It is important to study the safety of targeted therapies in populations at increased risk of skin cancer, according to the researchers.
Patients treated with biologics for psoriasis had higher risks of melanoma and nonmelanoma skin cancer (NMSC) compared with the general population, according to a recent study.

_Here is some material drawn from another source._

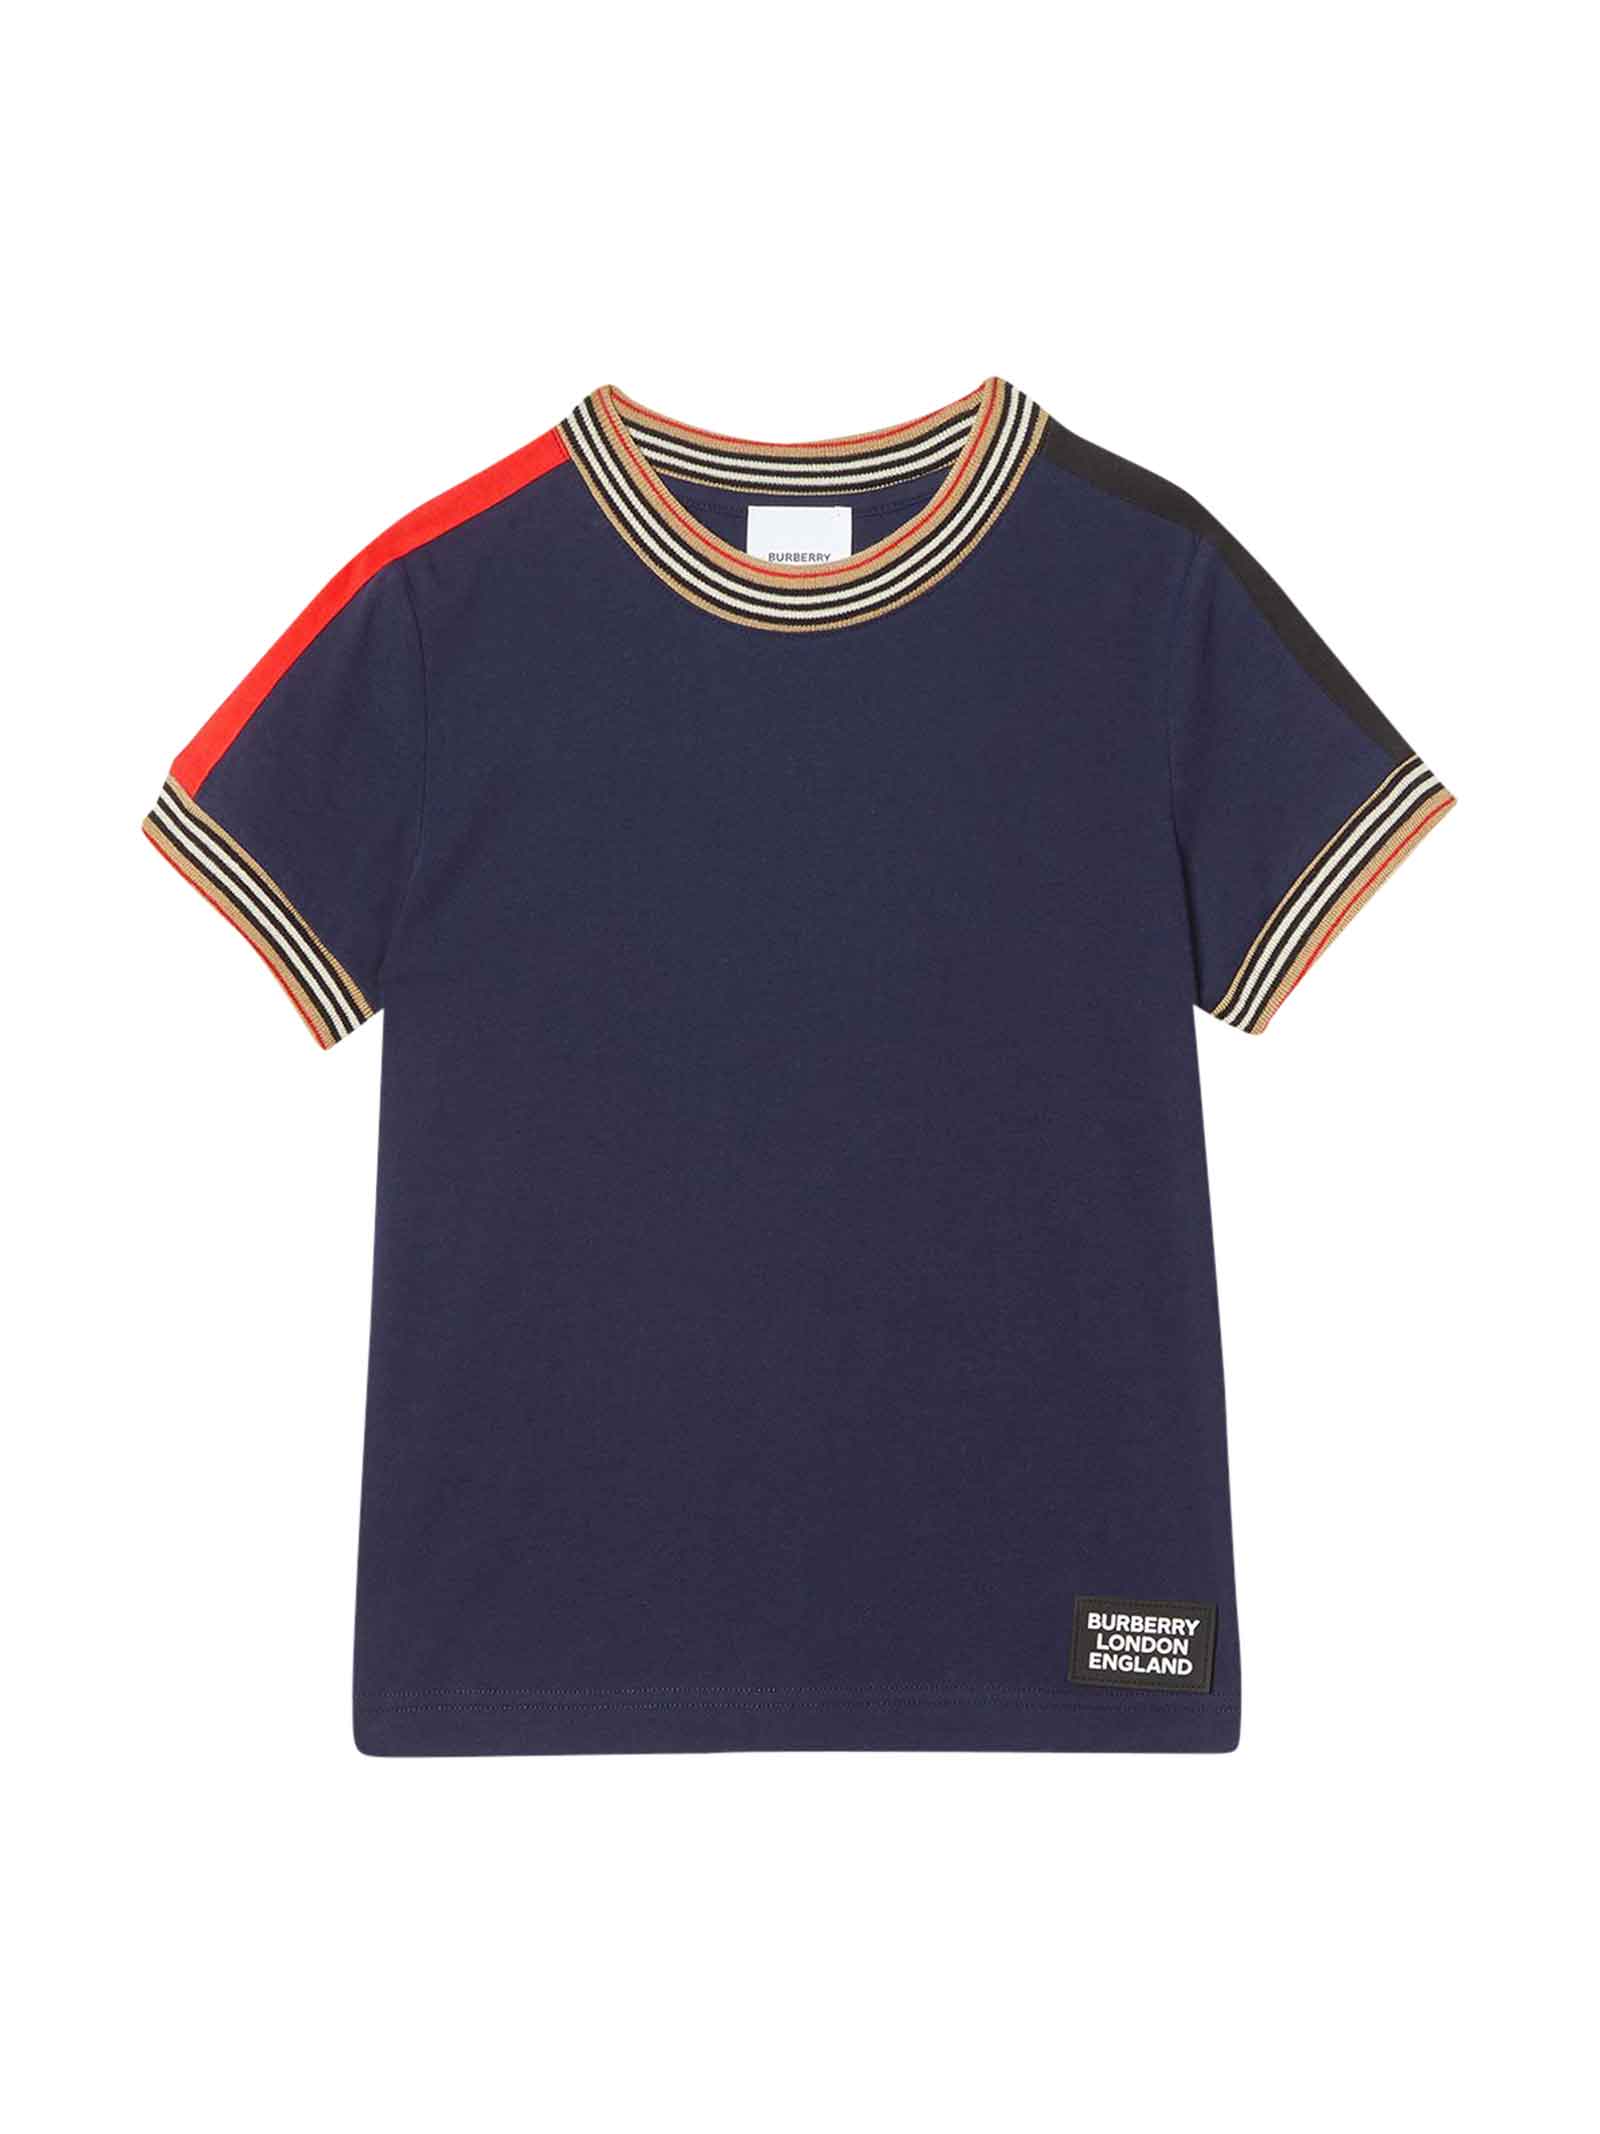 Burberry Kids' Blue T-shirt With Check Details

These findings suggest a need for a better understanding of skin cancer risks associated with targeted therapies in patients with psoriasis.
This meta-analysis is published in Pharmaceuticals (Basel).
“Our systematic review and meta-analysis aimed to analyze the risk of melanoma and [NMSC] in patients with psoriasis and psoriatic arthritis treated with targeted therapies,” the researchers wrote. “To the best of our knowledge, this is the first analysis to summarize the risk of skin malignancy in patients undergoing treatment with IL-17 and IL-23 inhibitors.”
While the introduction of biologic agents, such as tumor necrosis factor (TNF-α) inhibitors, inhibitors of the IL-17 pathway, inhibitors of IL-23, and related cytokines, as well as Janus kinase (JAK) inhibitors, have been a huge breakthrough in the treatment of psoriasis and psoriatic arthritis, there is concern that these biologics may increase the risk for infections and malignancies.
The researchers searched databases MEDLINE/PubMed, EMBASE, Web of Science, and Cochrane Library to find studies that reported on the incidence rates (IRs) of melanoma and NMSC in patients with psoriasis or psoriatic arthritis treated with biologics or JAK inhibitors.
Eligible studies were randomized controlled trials (RCTs), open-label studies, long-term extension studies, or observational studies. Additionally, eligible studies included adult patients with psoriasis or psoriatic arthritis treated with IL-17 inhibitors, IL-12/23 inhibitors, IL-23 inhibitors, or JAK inhibitors. Furthermore, studies included reported IRs of melanoma and NMSC presented as number of events per 100 patient-years (PY) or clearly reported numbers of skin cancer events with the total number of PY of exposure.
The extracted information included the title of the article, name of the first author, year of publication, study design, database or clinical trial identifier, diagnosis, patient characteristics (sample size, sex, age), type(s) of biologic therapy, total PY exposure, the use of concomitant therapy, and outcomes of interest.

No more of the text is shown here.